* Instructions for the task: Span requested from the data below: the line with "Healthy Eating Strategies For Seniors" through the line with "FSCJ Blackboard LMS Upgrade Complete", both included. Give only these lines again, exactly, and leave every picture out.

* Exercise data:
BEGIN

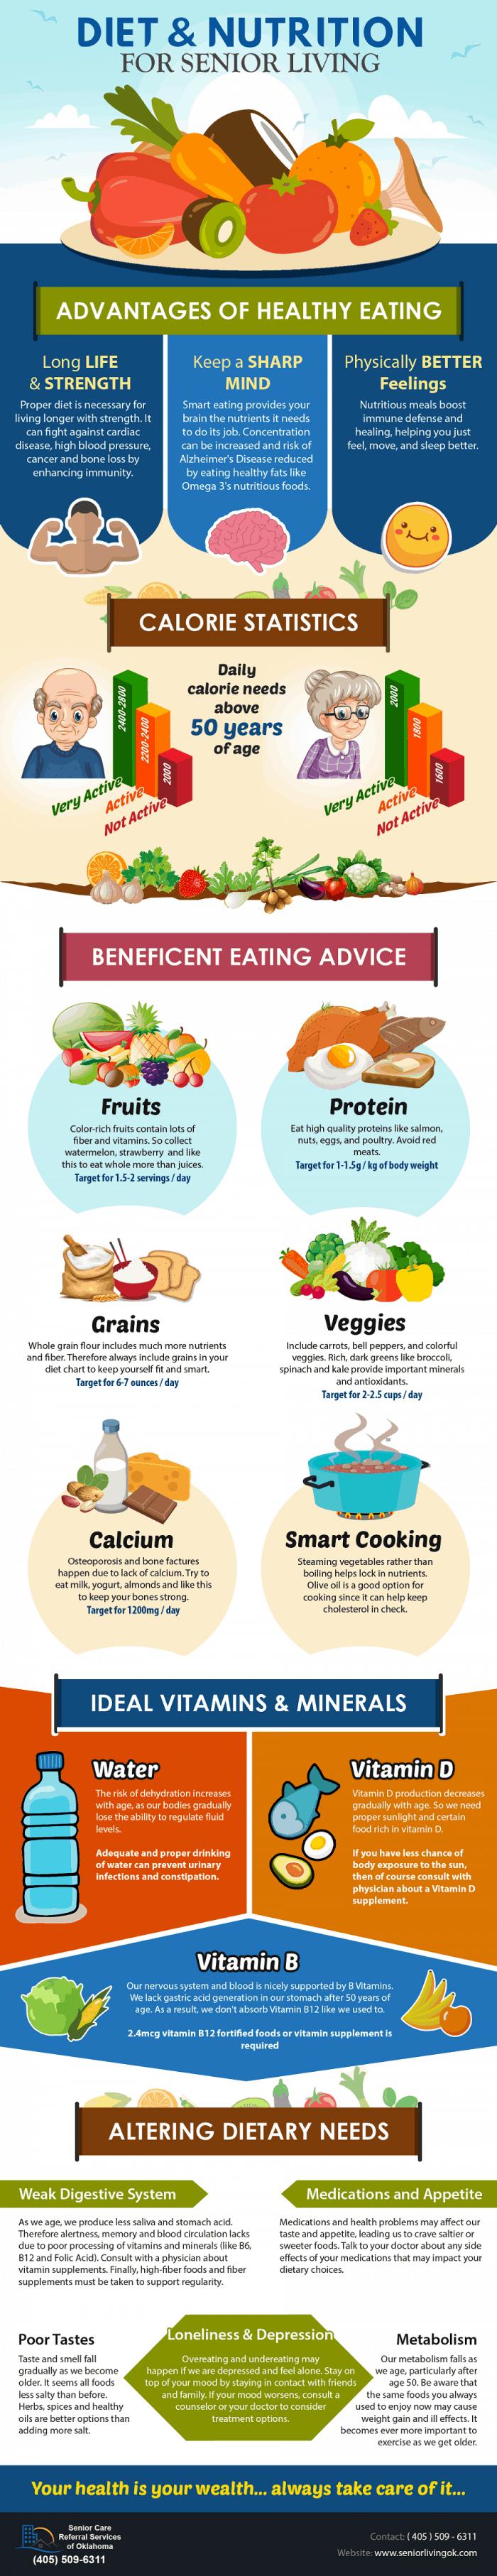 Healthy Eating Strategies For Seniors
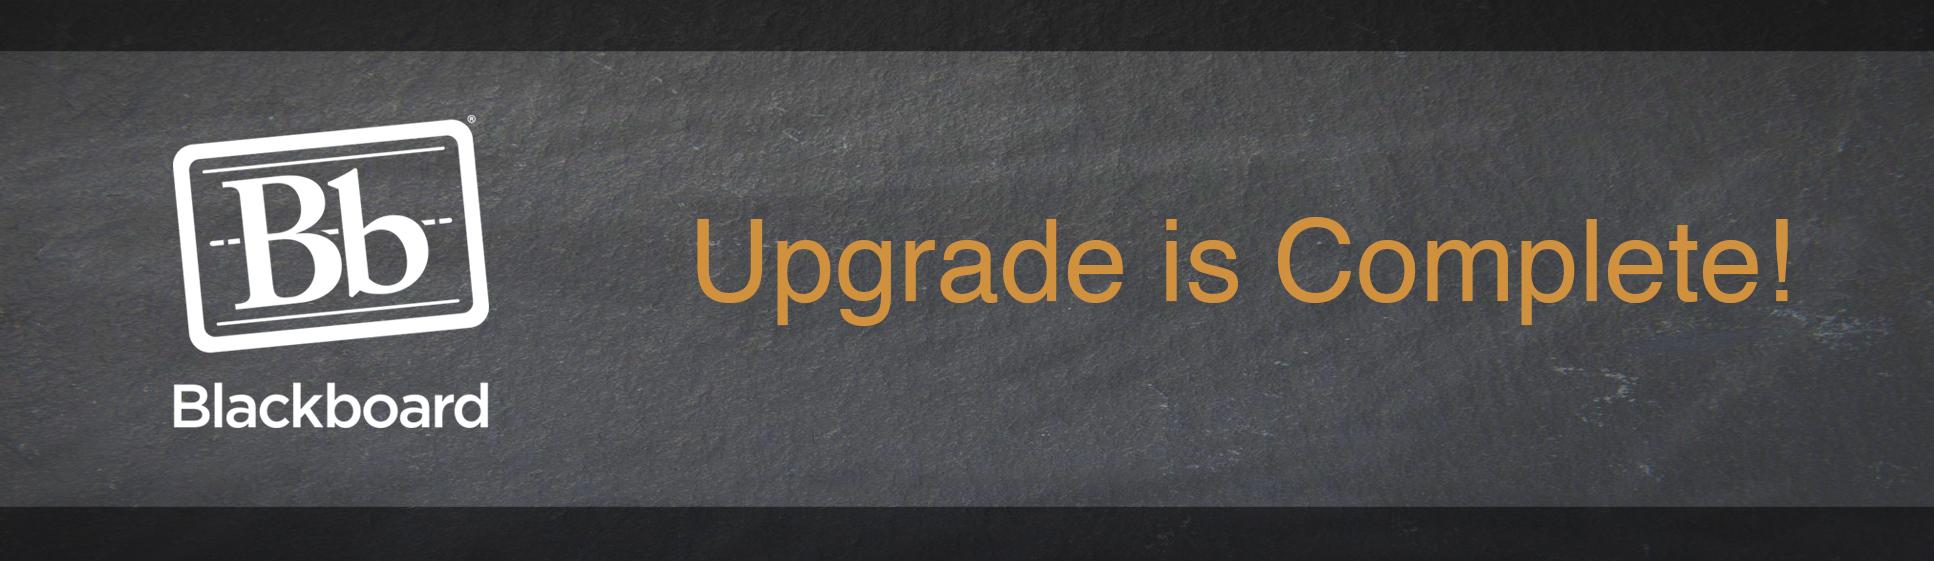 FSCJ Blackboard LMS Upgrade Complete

END
BEGIN

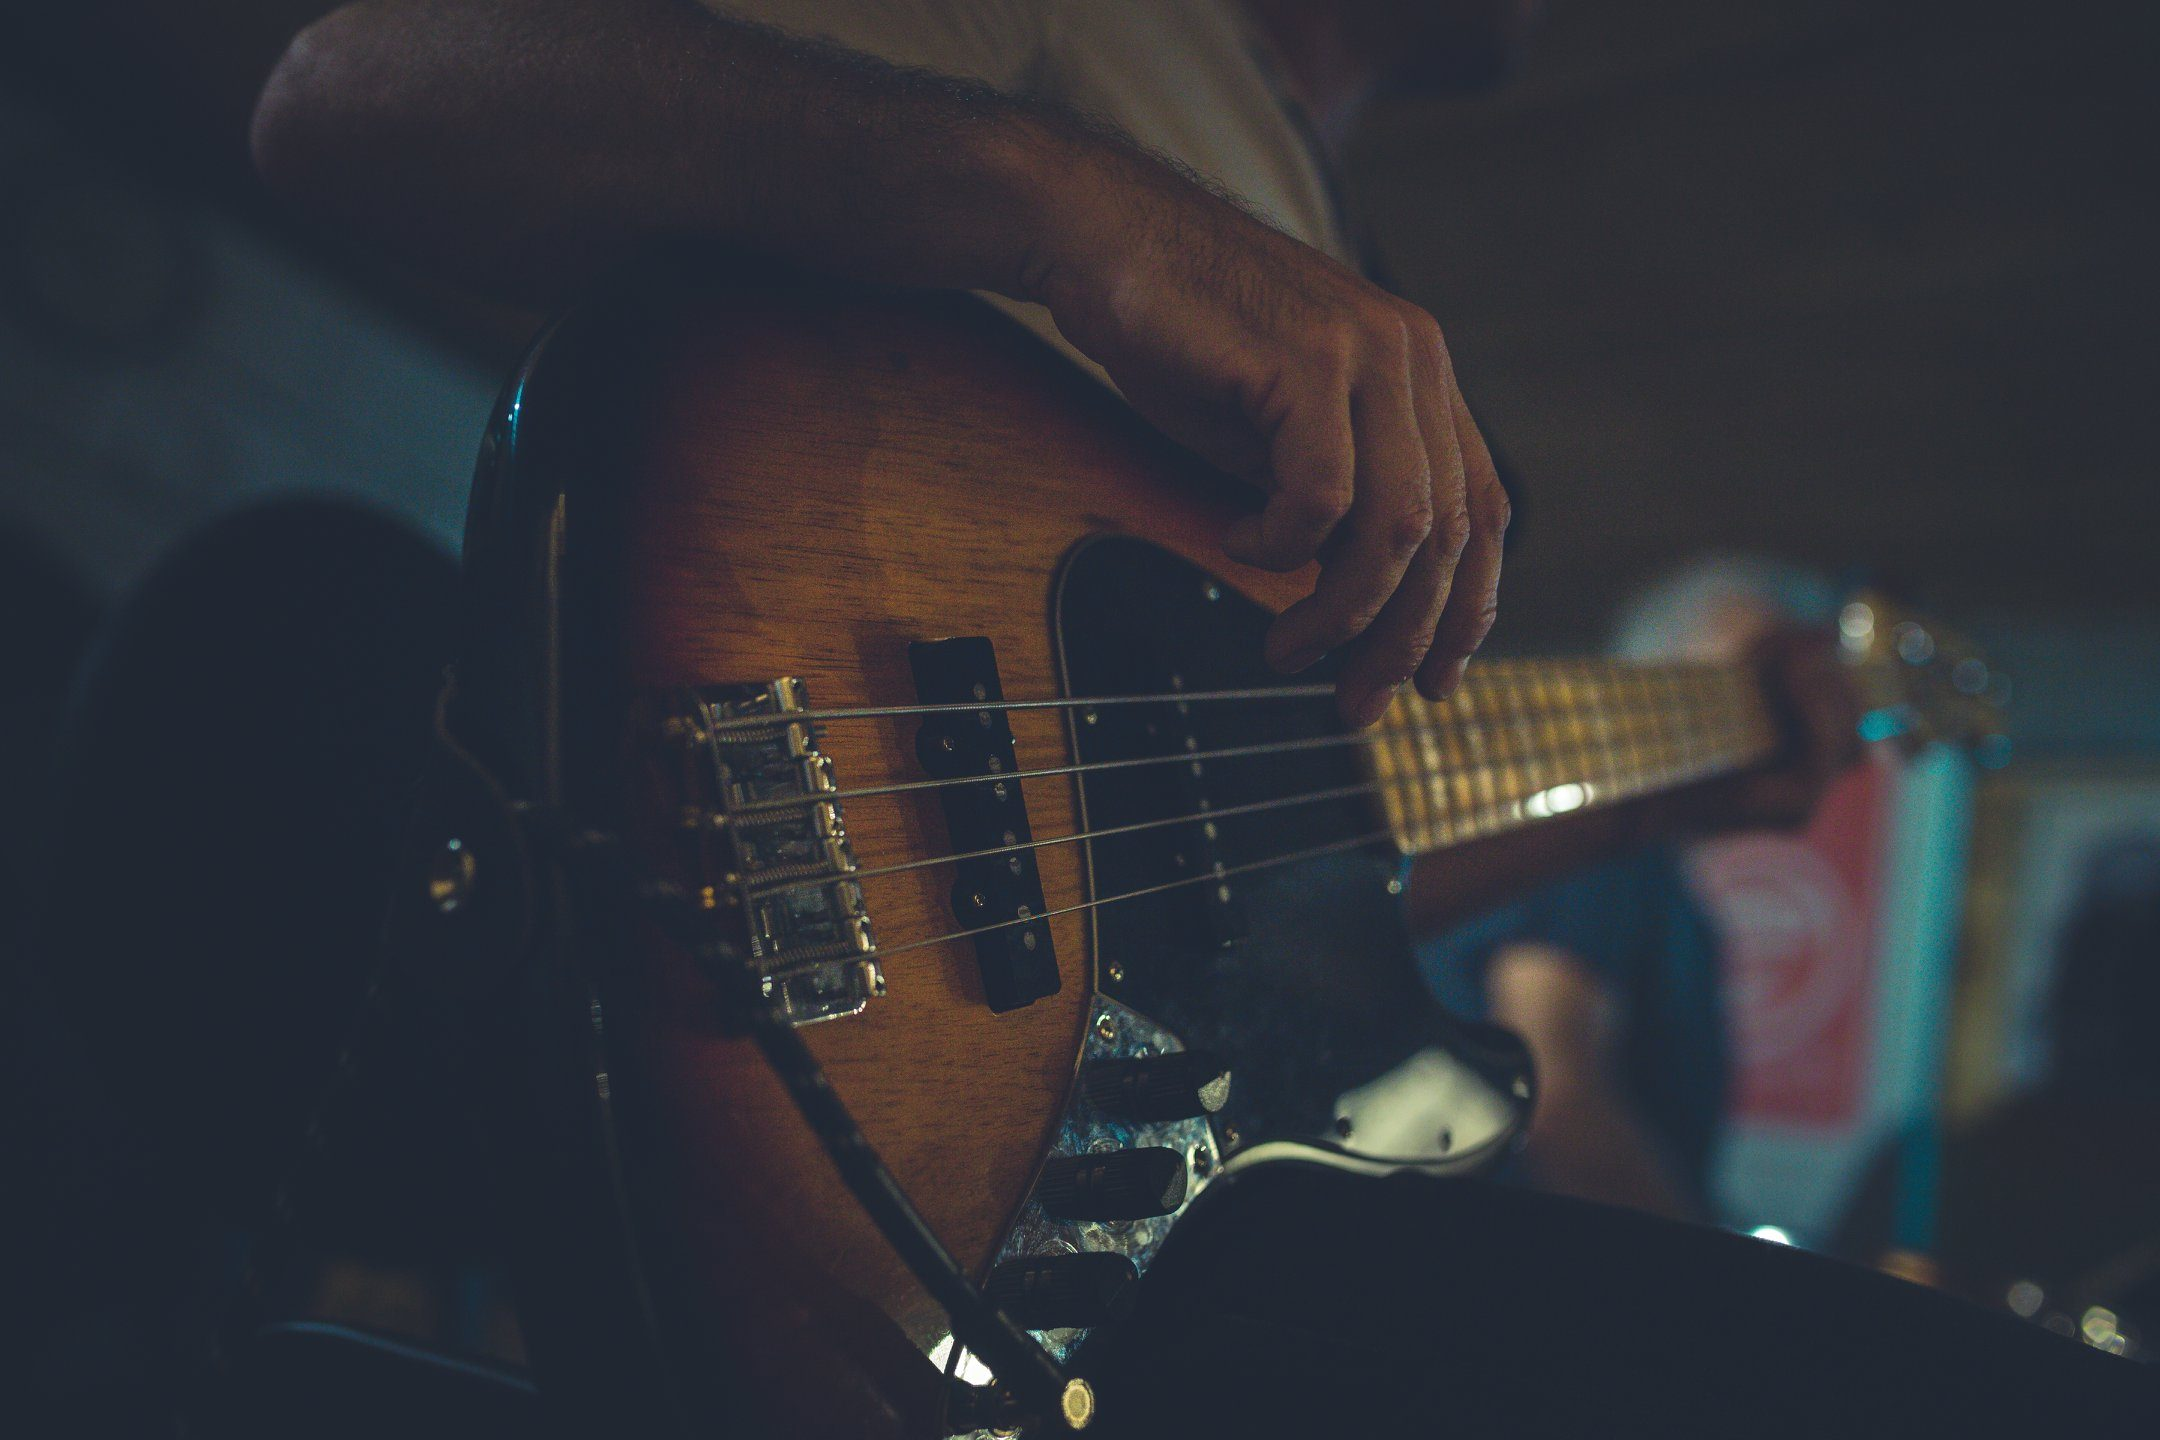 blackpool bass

END

* Answer:
 Healthy Eating Strategies For Seniors
 FSCJ Blackboard LMS Upgrade Complete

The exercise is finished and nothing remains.